Fraud Hotline Announced
At a July 7 public meeting about the Medicare crisis, Sen.
John McCain (R-AZ) announced that a new hotline (800-368-5779)
has been opened by the HHS Inspector General for reporting
Medicare fraud. Seniors were urged to examine their Medicare
billings and report possible overcharges. Sen. McCain proposes
to return a portion of the take to the informant.
HCFA Responds on Medicare Exclusion
``I actually got a response to my letter,'' reports Lawrence
Huntoon, M.D., of Jamestown, NY (see letter to ``Dear Comrade
Vladeck,'' AAPS News July 1995). Thomas Ault, Director of
the Bureau of Policy Development, writes:
``Dear Dr. Huntoon:
``Administrator Vladeck asked that I thank you for your
letter regarding the Medicare program. Please excuse the delay
in my reply.
``I can surely understand your concern about physician
participation in the Medicare program. In this regard, we are
making increasing use of staff members in our regional offices
who are often in the best position to be of assistance to the
people in their area. Therefore, your inquiry has been referred
to the officials in our New York Regional Office for further
action.
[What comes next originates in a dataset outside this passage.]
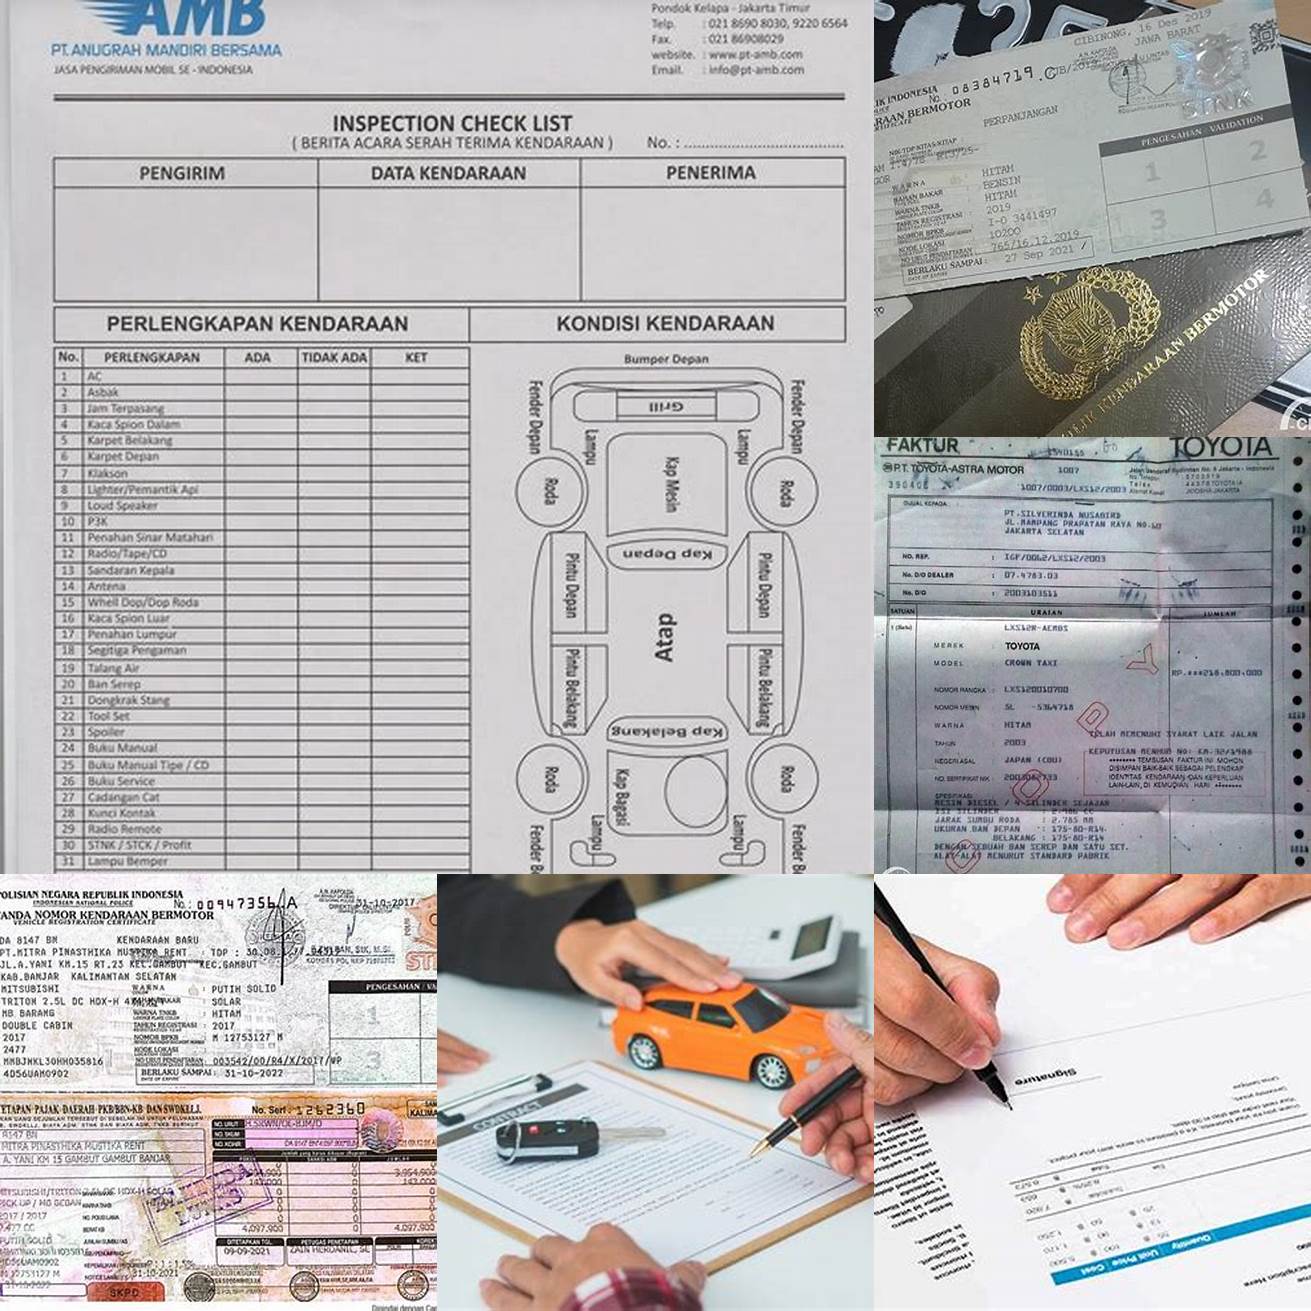 5 Periksa Dokumen MobilPeriksa dokumen mobil Rubicon bekas dan pastikan semua dokumen mobil tersebut lengkap dan sah

Thank you for bringing this matter to our attention.''
Bring Harry and Louise to Your Radio Station
Harry: Hi, Honey, what's the matter?
Louise: Well, I've been looking for a job with good health
care, and it just doesn't exist. Why is health care tied to our
jobs?
Harry: You know we wouldn't have to worry about it if we
could write it off like our bosses.
Louise: What would that take, an act of Congress?
Harry: I don't know, but I'm going to call my Congressman
and find out.
Louise: Good idea.
Announcer: This has been an announcement from...(your name
and number).
This skit puts forth the crucial but seldom mentioned fact
that medical insurance is linked to employment because of federal
tax policy. Cassette or reel-to-reel tape is available for $10
from Bert A. Loftman, M.D., 105 Collier Rd, Suite 5030, Atlanta,
GA 30309. Ask your radio station to run it as a PSA.
Members' Page
Administrative Simplification. When we submitted our
claims on paper, we were told that the Medicare carrier couldn't
help making all those mistakes because they were simply human.
So in 1990, when the carrier offered ``free software'' to bypass
their ``simple humans,'' like bumpkins falling off a hayrack we
said ``sure, we'll try it.'' This was very expensive. The
initial versions provided no way to correct typographical errors
without redoing all of the claims in a 50-claim batch. Last
year, like good ducks flying in government formation, we
``migrated'' to the National Standard Format. The only thing
faster about this format is that the Medicare carrier is able to
delete our claims faster. Numerous times, our carrier has
deleted all of our claims (as in erased, all
gone) or portions of our claims (as in ``we can't process
your claims because of incomplete information'' -information the
Blue Bunglers erased).
When I complained to my Congressman, a secretary of the
Deputy to the Deputy Assistant Secretary for Health Policy in HHS
called to say that I might have violated the Privacy Act by so
doing. She also asked: given all these problems we have with
Medicare, why do I continue to see Medicare patients at all? I
take that to mean that HHS fully recognizes the adverse and
bungling nature of the bureaucracy, and that their official
position is to suggest that physicians stop treating Medicare
patients as a way to avoid constant hassles.
Lawrence R. Huntoon, M.D., Jamestown, NY
Administrative Complication. As I do ``high
complexity'' testing in my office lab, CLIA regulations demand
that I prepare 27 policy and procedure manuals, maintenance and
quality control logs. Maintaining these manuals and logs
consumes more than 30 percent of my technicians' time, serving no
purpose other than satisfying government inspectors. Just to
perform simple urinalyses and cultures in his office, a urologist
must jump through innumerable hoops. When it was unreasonable to
do quality control on a particular test, one physician simply
created a fictitious log. CLIA forces honest and productive
citizens to cheat or evade in order to survive.
When underworld thugs force businessmen to pay protection
money so they can continue in business, it is called extortion.
Is the CLIA fee to continue doing what we have done for years any
different? The costs to my small family practice amounts to
about $9000 per year in inspection fees, proficiency testing,
extra reagents, equipment, and labor to comply with regulations.
It is no mystery why at least ten family physicians in our small
community have ceased to provide laboratory services.
CLIA inspectors willfully violate our Fourth and Fifth
Amendment rights....This bad law should be repealed.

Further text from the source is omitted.